Mission pour la Science et la Technologie de l’Ambassade de France aux Etats-Unis
Nanocooling is cool : des films minces nanostructurés pour refroidir
les puces électroniques
Publié le mardi 10 mars 2009
Voir en ligne : https://www.france-science.org/Nanocooling-is-cool-des-films.html
Lorsqu’on regarde la courbe des performances des CPU d’ordinateurs en fonction de l’année de production,
une variante de celle qui est connue sous le nom de "Loi de Moore", on s’aperçoit que la vitesse d’horloge, qui
était de 3 GhZ en 2002, était de … 3 GHz en 2007, quand elle aurait dû être de 24 GHz ! Une des raisons de
cette stagnation - à laquelle on a remédié en augmentant le nombre de cores - est à chercher dans
l’augmentation de la puissance dissipée, et donc de la température, dans les processeurs, au fur et à mesure
que leur taille diminue. Le problème touche à la fois les performances, car les courants de fuite aux portes des
transistors augmentent exponentiellement avec la température, et le coût de fonctionnement, notamment des
grandes centrales de données, où les coûts liés au refroidissement des machines dépassent parfois le coût
d’achat des machines elles-mêmes.
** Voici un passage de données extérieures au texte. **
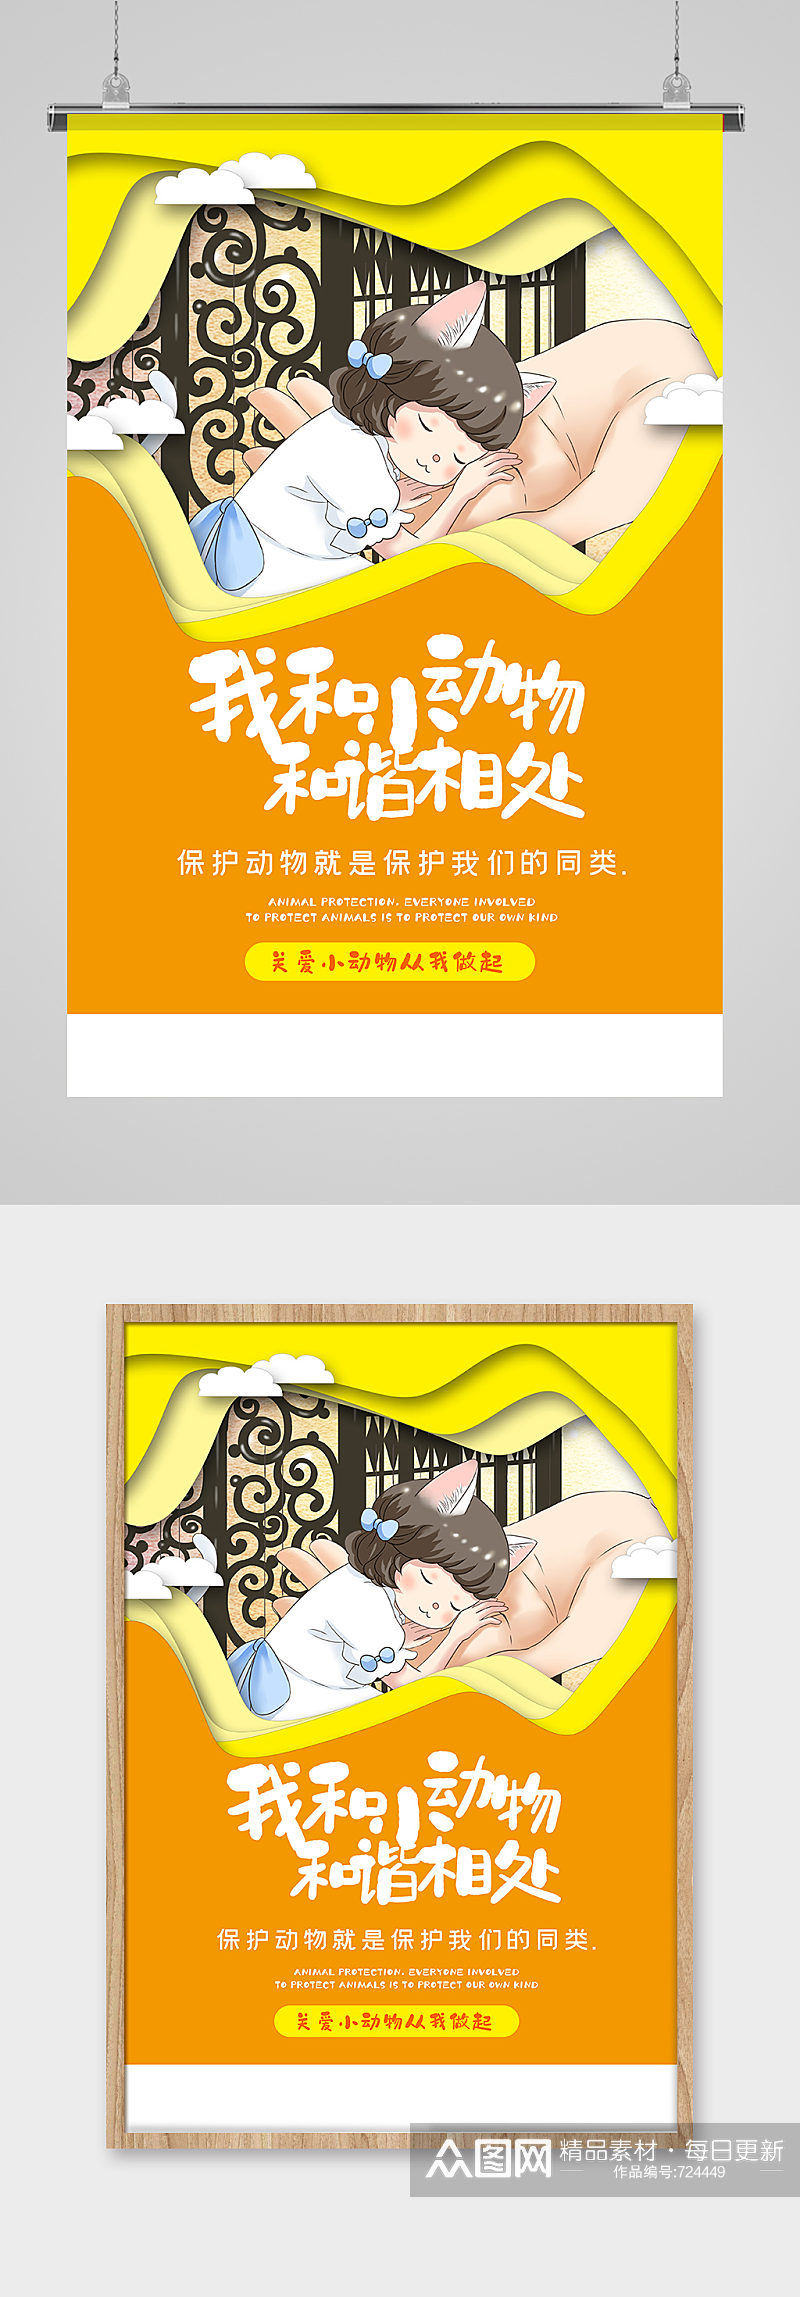 暖黄色剪纸风保护小动物主题保护动物海报海报素材

De plus, il serait parfois intéressant de pouvoir refroidir le processeur, ou
la puce à ADN, ou tout autre micro appareil localement, et sur demande, en fonction de l’activité et des flux de
chaleur instantanés.
Les solutions proposées utilisent l’effet thermoélectrique ou effet Peltier. Découvert en 1834 par Jean-Charles
Peltier, ce phénomène physique dépend du fait que dans un conducteur les porteurs de chaleur et d’électricité
sont la même entité, l’électron ; en même temps, la quantité de chaleur transportée par unité de charge est
fonction du matériau. Si l’on réalise une jonction entre deux conducteurs, et si l’on applique une différence de
potentiel aux extrémités de la jonction, on obtient un courant électrique, qui est évidemment continu à travers
la jonction. Le courant de chaleur, quant à lui, n’est pas, en général, le même dans les différents matériaux : le
flux de chaleur est donc discontinu à la jonction, ce qui se traduit par l’apparition d’une source ou d’un puit de
chaleur, selon le sens du courant. La jonction peut donc fonctionner comme pompe de chaleur. Une autre
façon de décrire le mécanisme est la suivante : à l’équilibre, les niveaux de Fermi des deux matériaux
s’égalisent, et des électrons sont transférés d’un matériau à l’autre. Ceci crée un champ électrique qui
s’oppose au passage des électrons, et permet d’atteindre un état stationnaire. En polarisant la jonction, les
électrons doivent surmonter une différence de potentiel électrique additionnelle. Si elle renforce le champ
électrique initial, les électrons doivent dépenser plus d’énergie pour la surmonter, et l’on extrait de la chaleur.
Le refroidissement ainsi obtenu peut atteindre 40°C, et les modules Peltier sont utilisés dans beaucoup
d’applications qui demandent un refroidissement efficace avec peu d’encombrement : frigos portables,
caméras, satellites et autres engins spatiaux… et composants d’ordinateurs. Deux matériaux qui sont souvent
utilisés dans les thermocouples (dont le fonctionnement est basé sur un autre effet thermoélectrique) sont le
tellure et le bismuth. Récemment, un article dans Nature Nanotechnology annonçait la réalisation d’un module
Peltier constitué d’une structure multicouche à films minces dans laquelle des super réseaux de tellurure de
bismuth et de tellurure d’antimoine (de type p) alternent avec des super réseaux à base de tellurure de
bismuth pur et dopé au sélénium (de type n). La structure est déposée par épitaxie en phase vapeur aux
métallo-organiques, sur un substrat de GaAs.
L’avantage de ce module thermoélectrique par rapport à ceux déjà réalisés à base de silicium et de
germanium n’est pas tellement dans l’efficacité, puisque les auteurs de l’article, déclarent un refroidissement
d’environ 15°C, encore loin des 40 degrés théoriquement possibles. En effet, les composants Si/Ge montrent
en général une forte dégradation de performances une fois intégrés à l’arrière de la puce, ce qui n’est pas le
cas du nouveau composant.
La technique, sûrement prometteuse, a été mise au point dans les laboratoires d’Intel en Arizona, en
collaboration avec Arizona State, et deux entreprises de Caroline du Nord.